Глеб всмотрелся – ей-богу, часовой! Рослый, как колокольня, плечи такие, что втроем не обхватить, под ногами у вояки горел факел, озаряя пространство бледноватым свечением. Какие варианты? Они на верном пути, еще немного… Он зашагал к строению, помахивая щитом, а Антонович тащился сзади, не отставал, бурчал под нос какую-то чепуху. За спиной у охранника мерцала откидная занавеска из переплетенных веток, из-под занавески брезжил мутноватый свет – в хижине тоже горел факел.

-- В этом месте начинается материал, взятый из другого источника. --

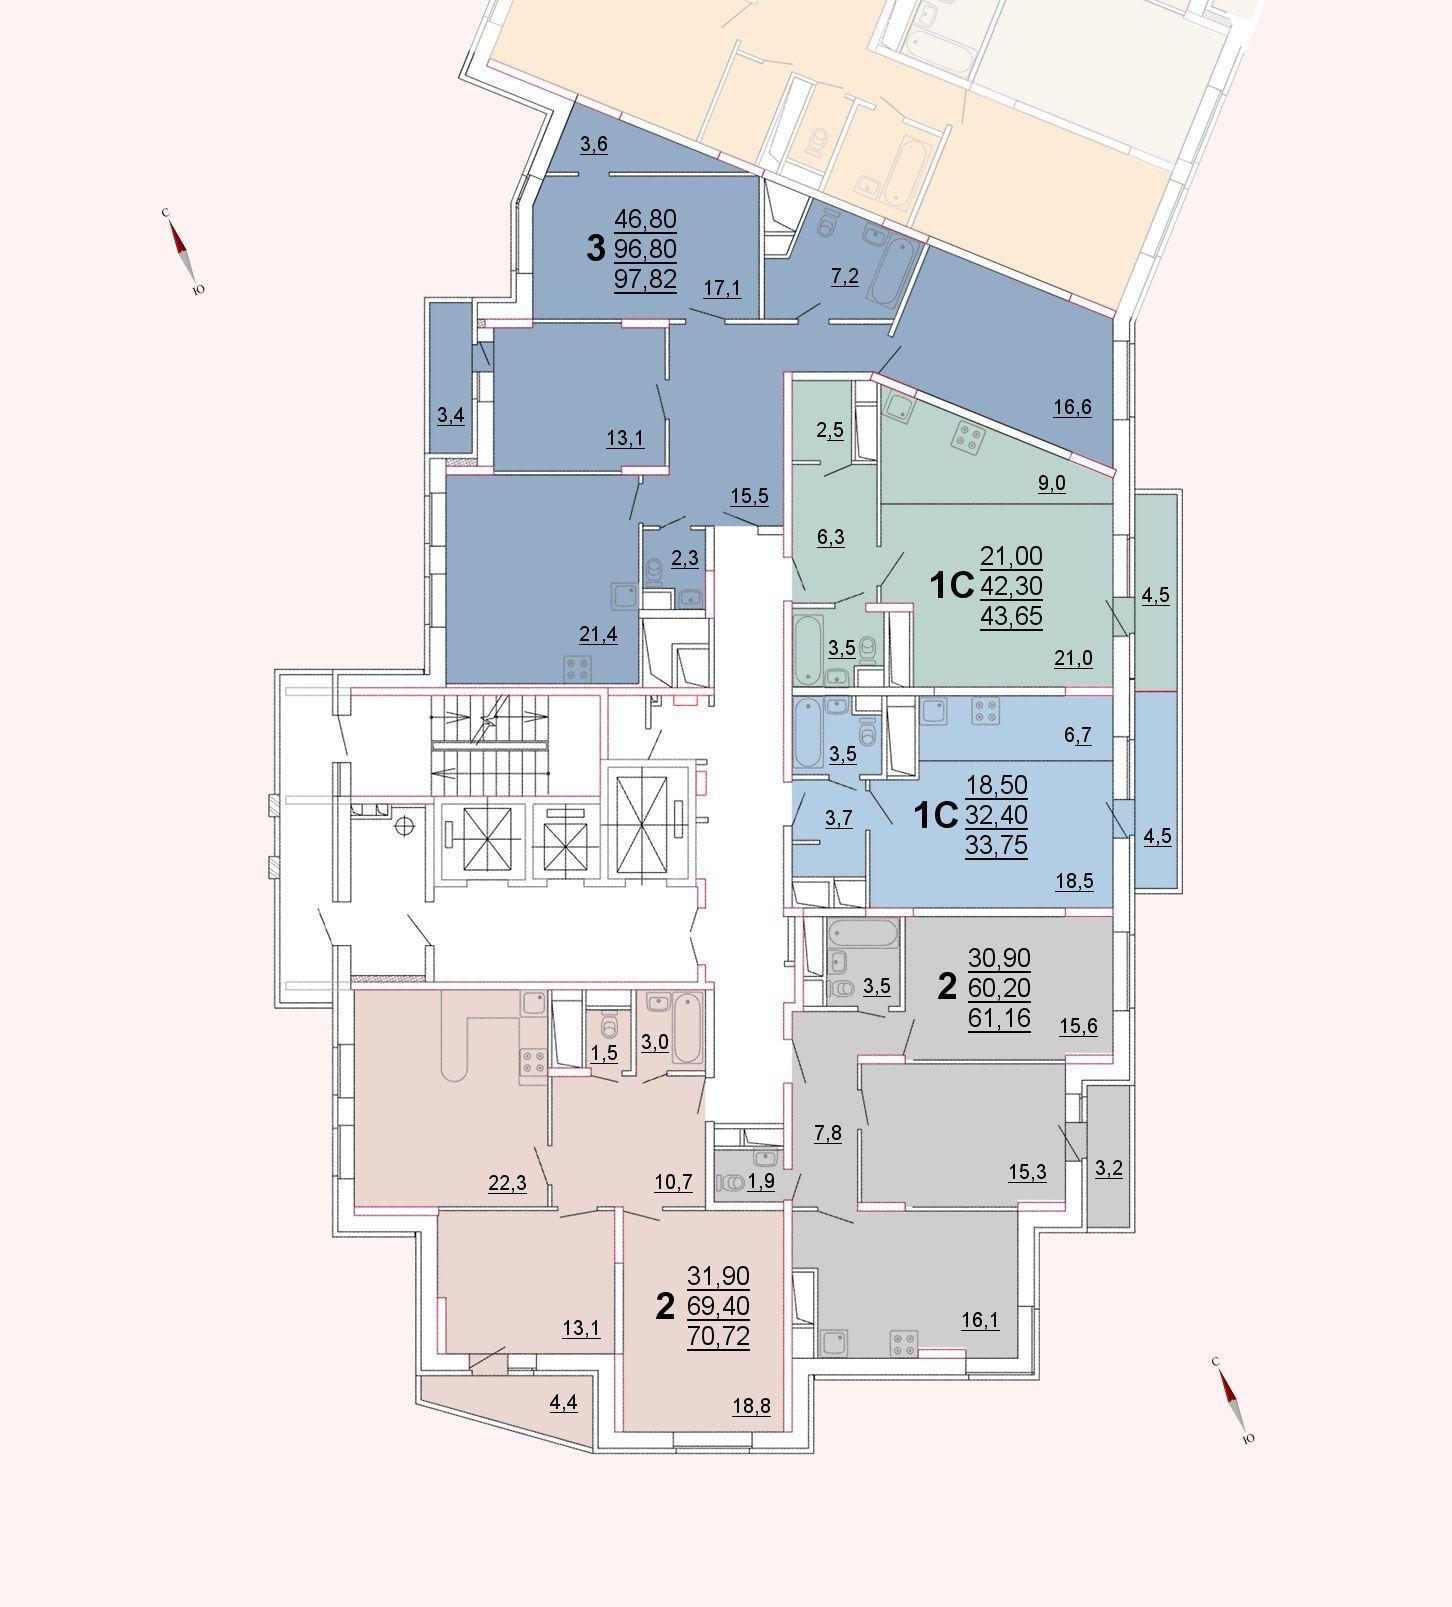 Микрорайон «Центральный», корпус 52а, секция 1, этажи 18-21

Отборная гвардия местного вождя! Как жаль, что нет возможности познакомиться с властителем лично… Огромный двухметровый детина с кривым, как ятаган, холимом, череп непропорционально развит, тяжелый лоб, челюсть уступом, элегантен, как королевский гвардеец, мускулистый, как бодибилдер, на плечах что-то вроде эполет – нарукавные повязки, обшитые мехом и унизанные перьями. Вогнутая белая раковина на груди – знак воина, убившего врага. На голове – «гвардейская» шапка из меха кус-куса. Воин что-то требовательно гаркнул, увидев, что к нему направляются двое, ударил древком копья по земле, подкрепляя суровым жестом требование. Глеб остановился примерно в метре. В дикарском наречии он был не силен, знал лишь одно слово «Вааа!» («спасибо», «пожалуйста», «здравствуйте», «до свидания»), его и гавкнул, аналогично ударил в землю копьем, впрочем, не древком, а наконечником, загнав его в землю, чтобы не мешалось. Свободная рука уже провалилась под шкуры, выдернула мачете и вонзила в живот часовому до середины клинка. Тот всхрапнул, как лошадь, остановленная на бегу, схватил Глеба за руку, но он успел провернуть клинок в трепещущей плоти, и хватка громилы ослабла. Покачнулся, оросив себя кровью, пошедшей горлом, и растянулся на пороге в хибару, вздыбив занавеску.

Слева послышался сдавленный хрип – Антонович оприходовал подобного бугая, вывернувшего из-за угла. Аккуратно, мурлыча что-то убаюкивающее, поволок его обратно – за угол.